Через десять лет дочь дяди Бори, Наташа, уведёт у дочери дяди Игоряши, Вероники, мужа Гиви, полунемца-полугрузина. Это случится по каким-то своим глубоким и имеющим весьма разветвлённую корневую систему причинам, но поводом к этому станет всего лишь то, что в какой-то момент муж Вероники Гиви и дочь дяди Бори Наташа будут одновременно являться сотрудниками Центра Профилактики и Лечения Детской Неврологической Инвалидности, генеральным директором коего и поныне является дядя Игоряша, поскольку он – невролог с мировым именем, однако, стрижка газона, я полагаю, только ещё начата – время от времени его уже сейчас стрижёт Вероника, которая тоже невролог, – как папа. В детстве она ещё называла его «папыч». Мне нравилось слушать, как она его так называет. Нравилось слово. Алёша тоже его так называл. А потом его стала так называть одна Вероника. Потому что Алёша утонул в 1979-м году…

Муж Вероники Гиви работал у дяди Игоряши коммерческим директором. Дочь дяди Бори Наташа работала у него старшим программистом. И Гиви, и Наташа были выпускниками Русского Ракетного Колледжа, но там никогда не встречались.
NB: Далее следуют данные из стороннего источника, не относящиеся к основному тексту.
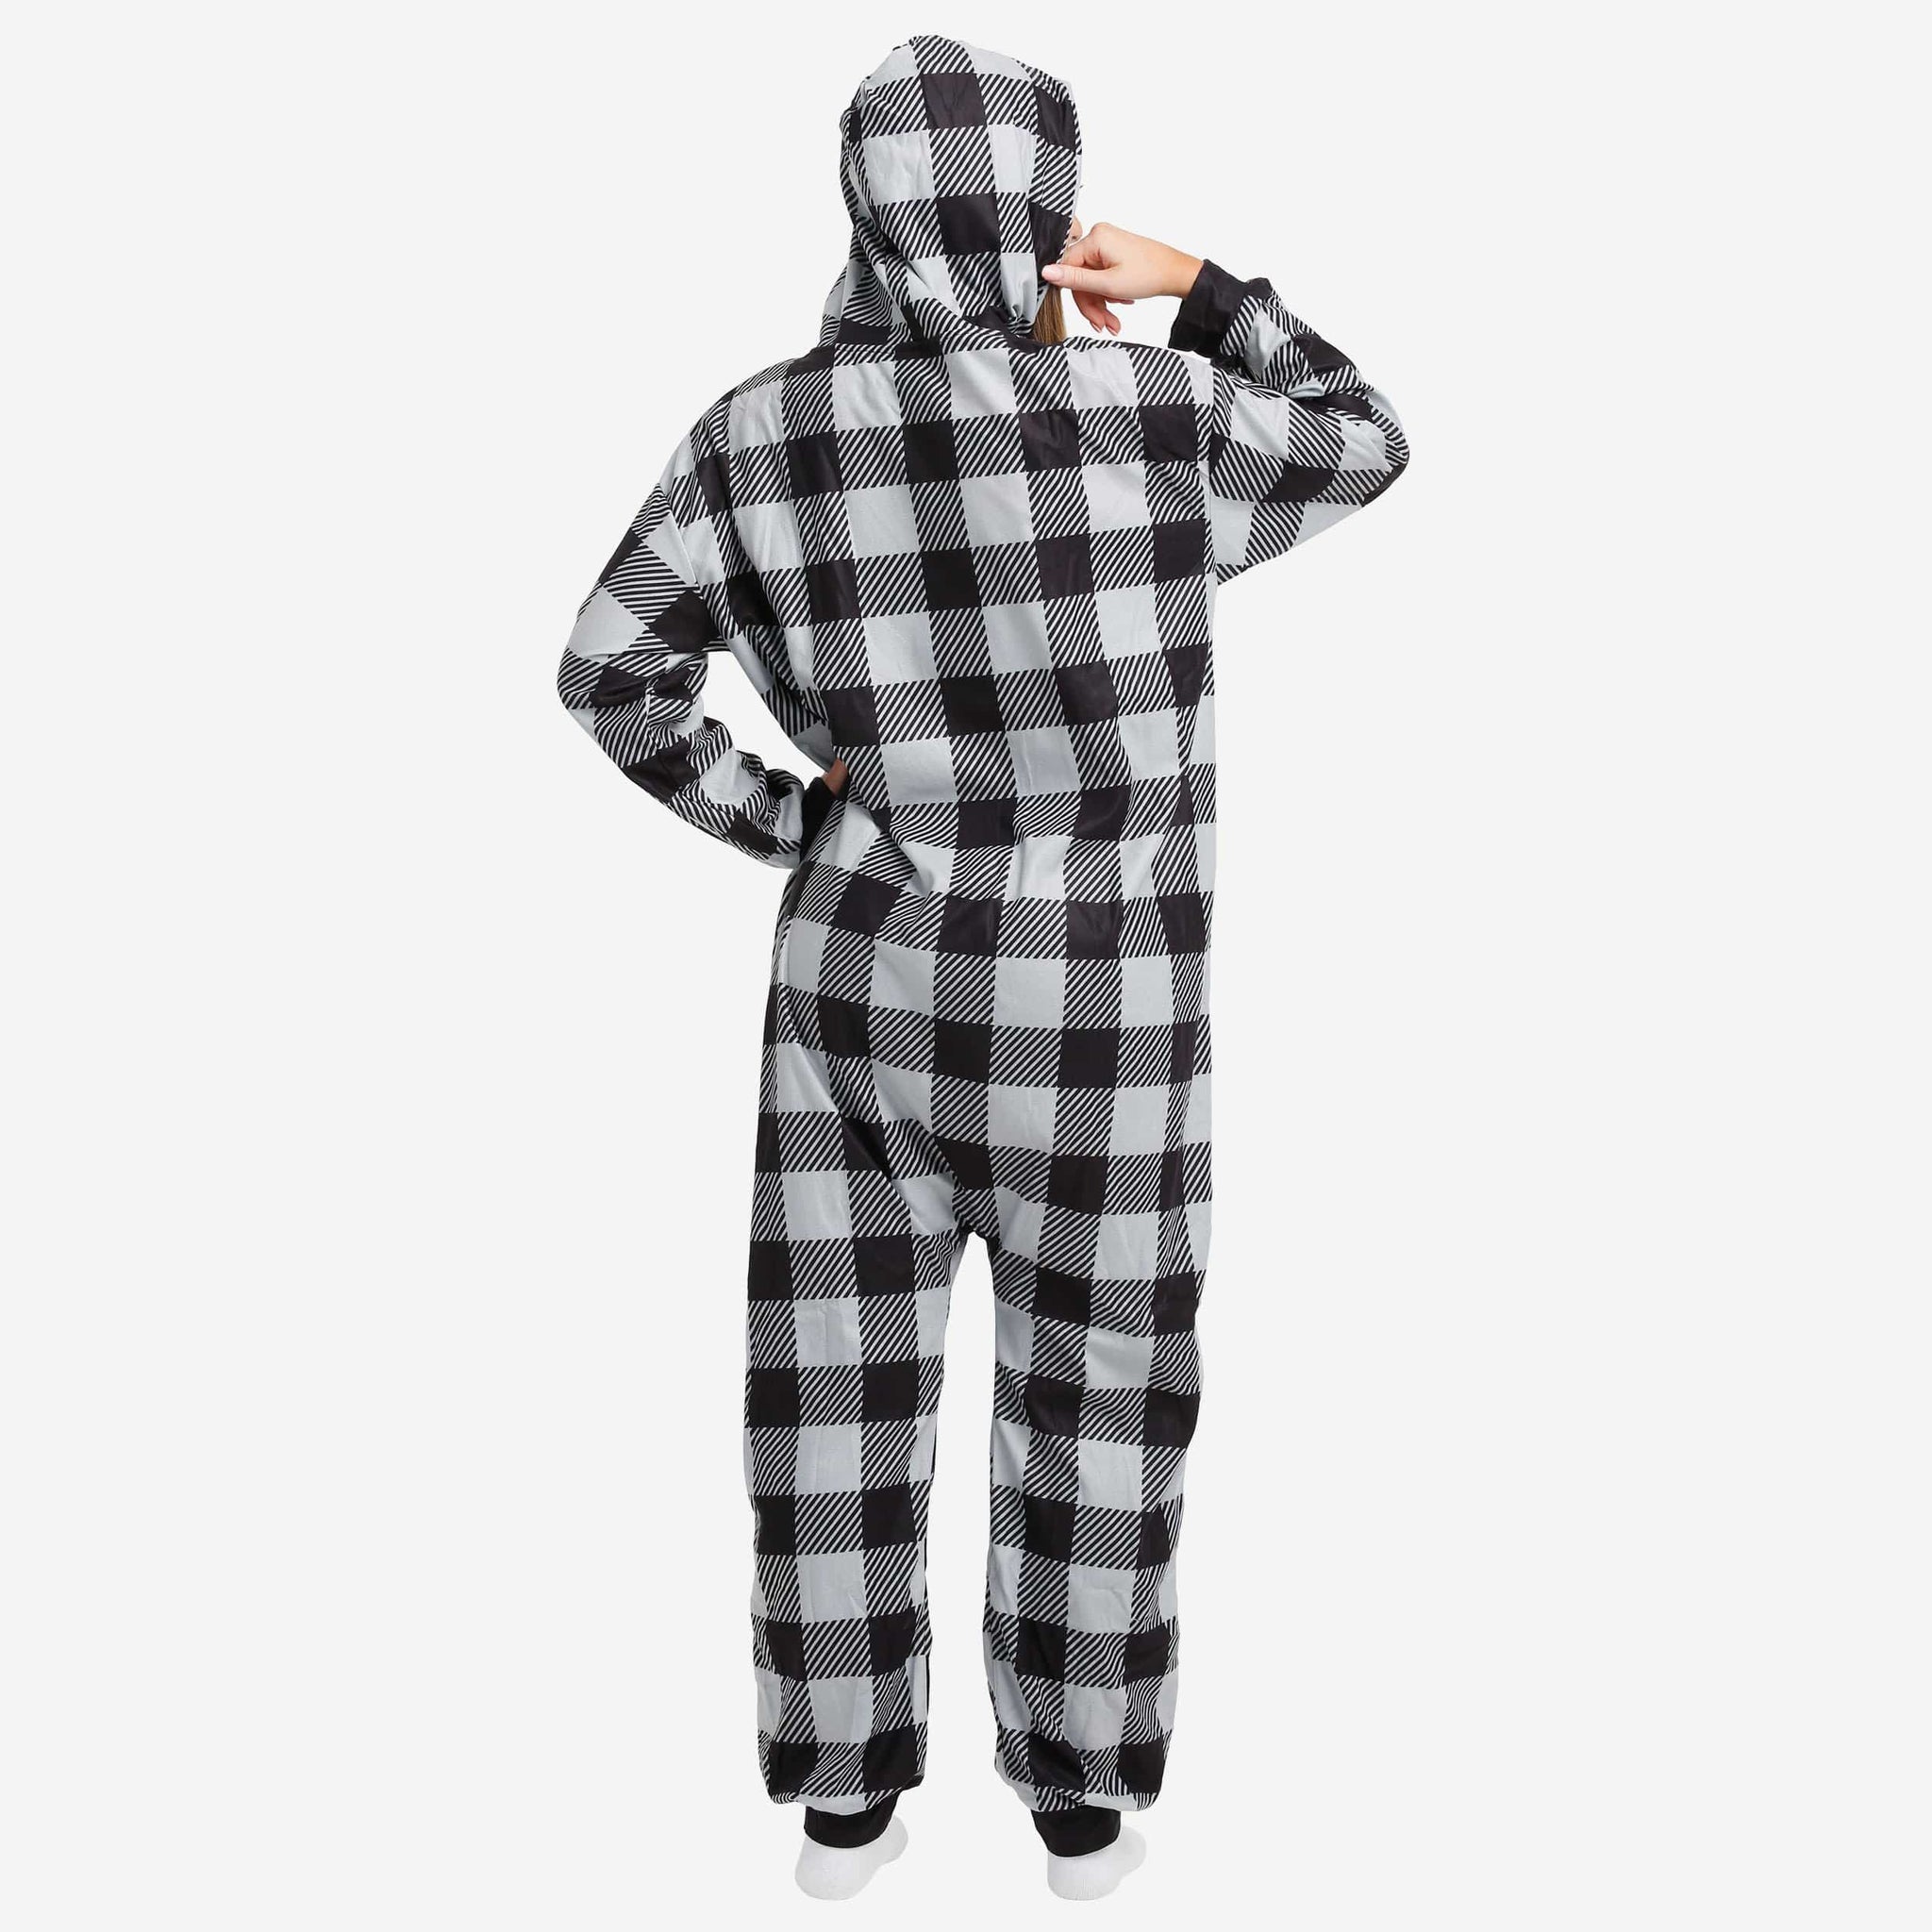 Las Vegas Raiders FOCO Women's Ugly Pajamas Set - Gray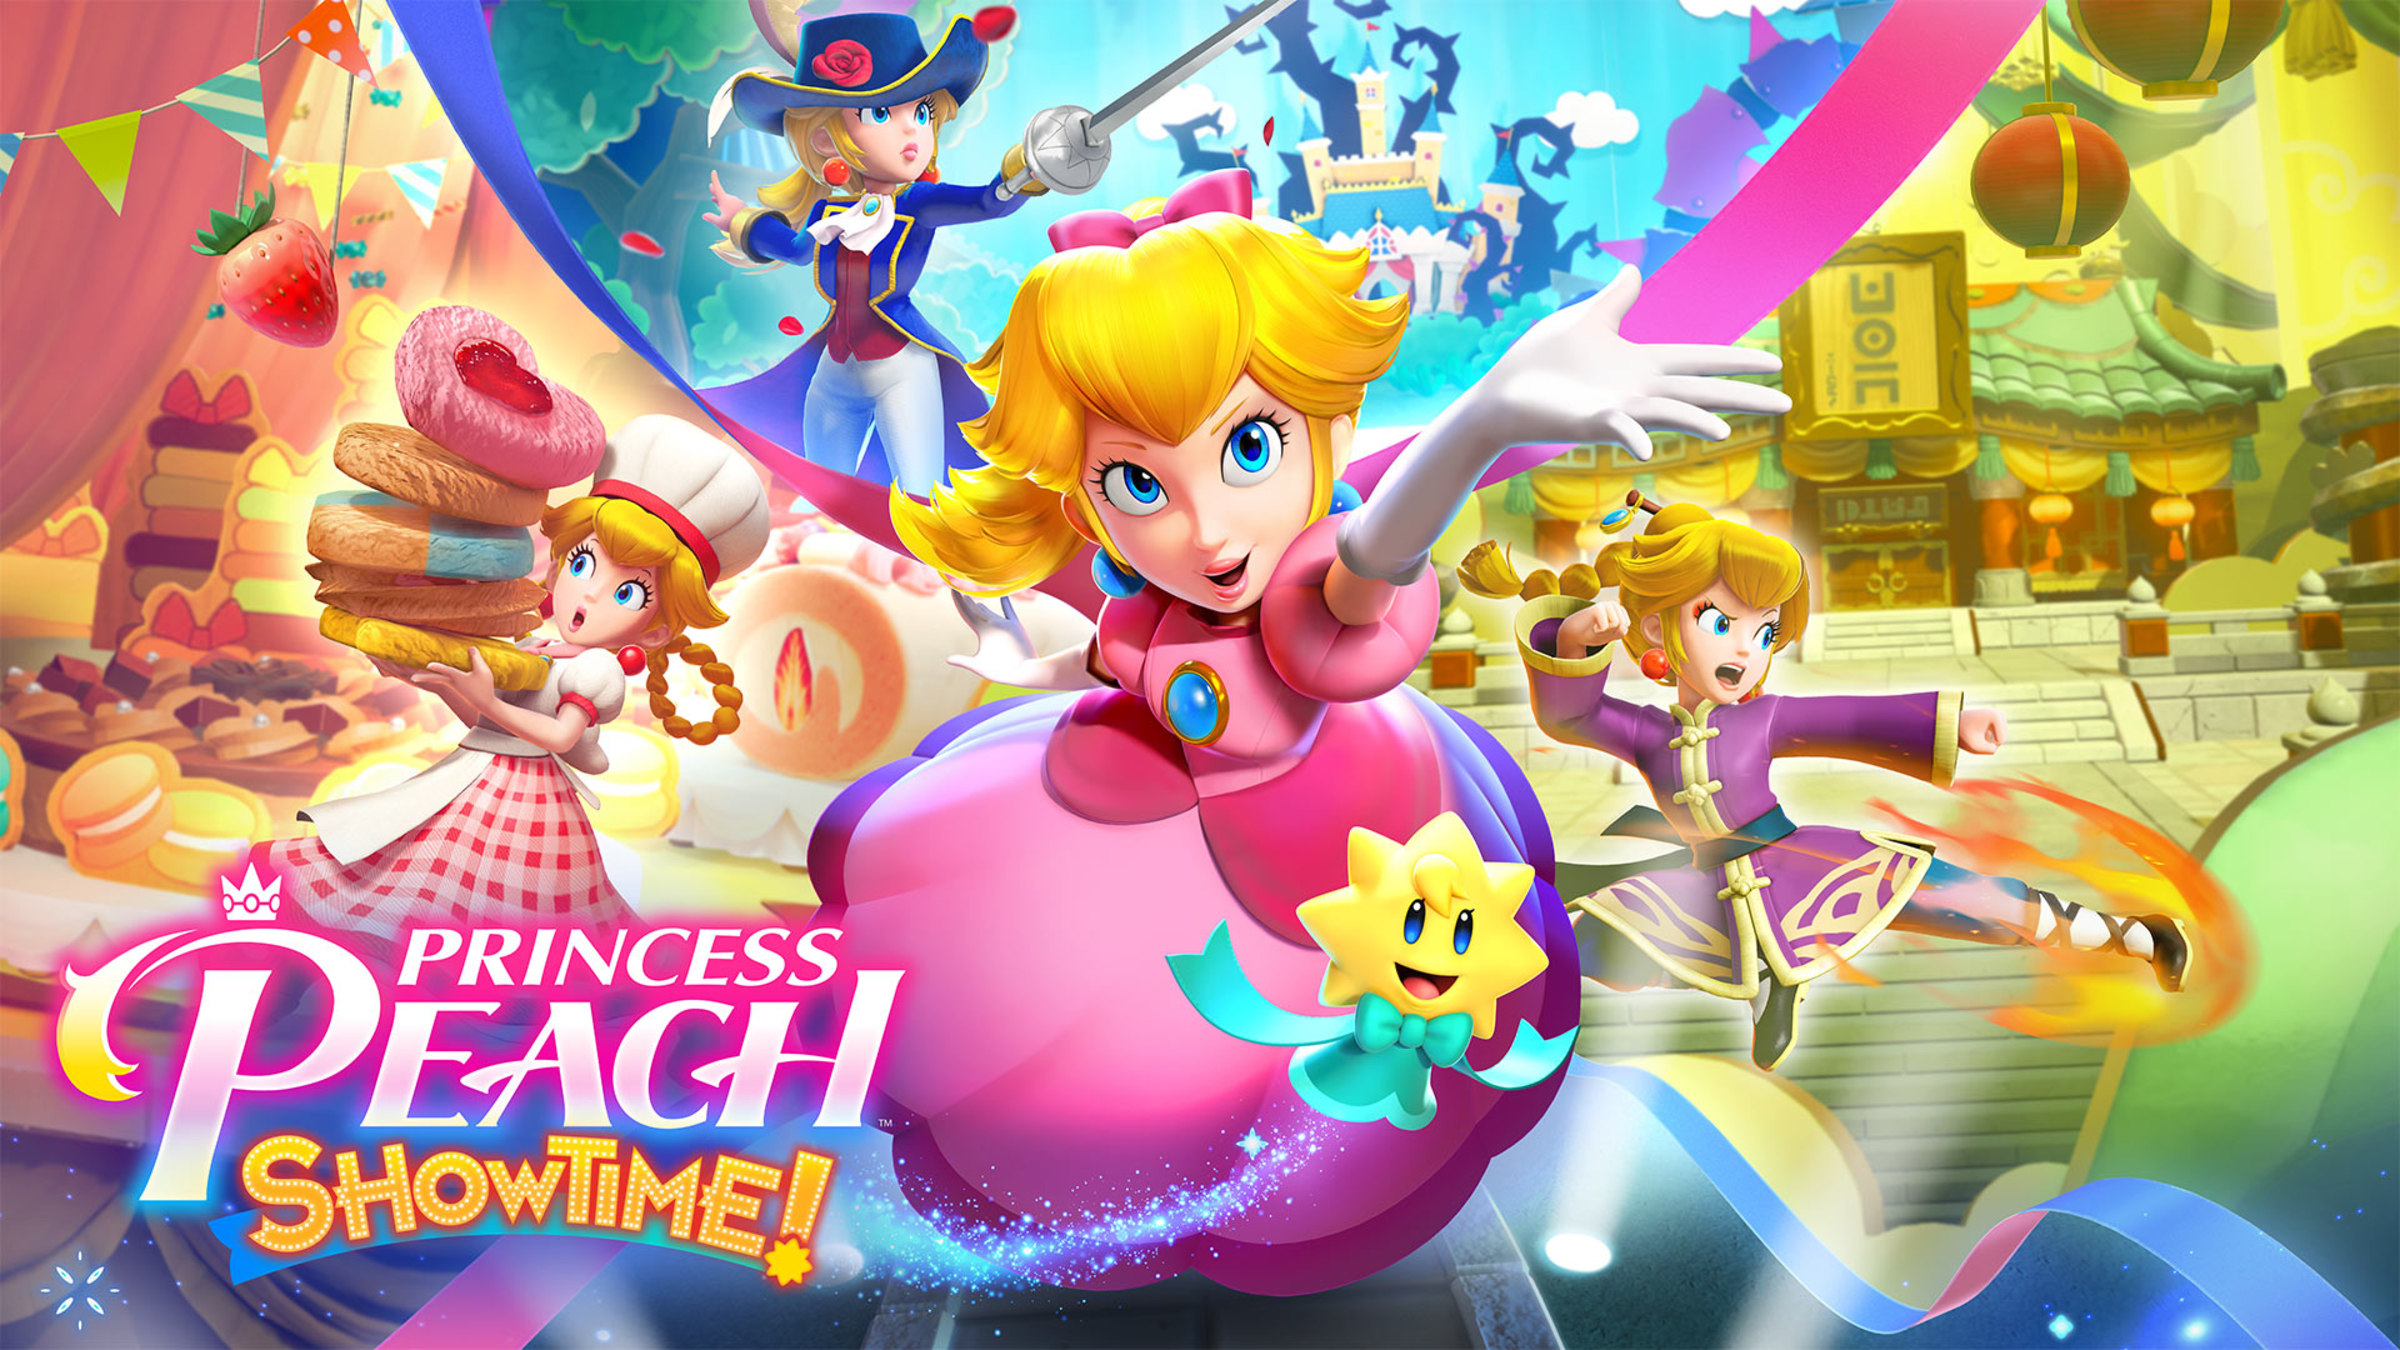 Вы сейчас просматриваете Princess Peach: Showtime! получила возрастной рейтинг ESRB "E10+" в преддверии мартовского релиза

Во-первых, потому, что Ракетный Колледж (МГТУ им. Баумана) очень большой – там куча факультетов, потоков и групп, а во-вторых, потому, что дочь тёти Ники Наташа старше Гиви. Лет на семь…

Впоследствии мне тоже случалось работать у дяди Игоряши. По образованию я – филолог…

Всё это будет потом. Сегодня я просто готов быть первым в цепи. В цепи возделывающих газон. Слово «английский» я сразу воспринял как символ. Всего лишь «как символ» или слишком «как символ» – важно? Бог знает. Знает? Да, знает. Тем более, в будущем выяснилось, что я (к счастью ли? Да, к счастью.) – не первый в этой цепи.

Напоследок неважная правда про дядю Борю. Он – мордва. Точно знаю. Бабушка сказала…))

I

Когда я вернулся из города своих предков в грёбаный Вавилон, я почти сразу обнаружил себя, в частности, и нашу с Да семью, в целом, в довольно плачевном состоянии в социальном плане нашего бытия.

Работы не было ни у меня, ни у неё. У неё, причём, уже года два, ибо их газетёнка «Россия» (не путать с «Россiей» с «i» с точкой) приказала долго жить, как только мы сочетались с нею законным браком. У меня – примерно полгода, где-то с минувшего марта.

Как-то так вышло «нежданно-негаданно» (смайлик какой-то щепочкой соскребает с внутренней части штанишек собственное подсохшее говнецо))), что все мои работы в штате топовых программ на ТВ, да карьера поэта-песенника с показом, опять же, моей хари во всяких там «Песнях года», да и даже ведение своей полосы в «Независимой газете» остались совершенно очевидным образом в «героическом» прошлом. Да, у меня было истинно прекрасное резюме (благодаря размещению коего на украинских биржах труда, уже в последнюю мою неделю в Харькове, меня позвали в какую-то опять-таки топовую русскоязычную киевскую газету, пообещав ещё и обеспечить жильём), но это «почему-то» нисколько не помогало мне с трудоустройством в грёбаном Вавилоне.

Я написал почти всем своим знакомым, кому-то даже позвонил, но все они в той или иной степени разводили руками, да сочувственно пожимали плечьми. Пикантной особенностью этого расклада было то, что большинство моих некогда близких друзей, к коим я обращался тогда за помощью, заняли к этому времени плюс-минус руководящие должности в самых разнообразных сферах, и, в общем-то, разведение рук большинства из них безусловно являло собой цивилизованную форму посылания меня нАх*й, порою даже не без скрытого, но вполне читаемого злорадства по поводу моего «интересного» положения.

Да искала работу гораздо более вяло, но когда всё же предпринимала какие-то попытки в этом направлении, её друзья поступали с ней, в общем, по той же схеме. Таким образом, общее положение вещей выглядело так: мы продолжали почти каждый вечер громко ссориться, все слали нас нАх*й, а жили мы, как дети, скромными подаяниями родителей (её родители, кстати, ещё много месяцев даже не знали, что я вернулся))), и каких бы то ни было перспектив в обозримом будущем не просматривалось.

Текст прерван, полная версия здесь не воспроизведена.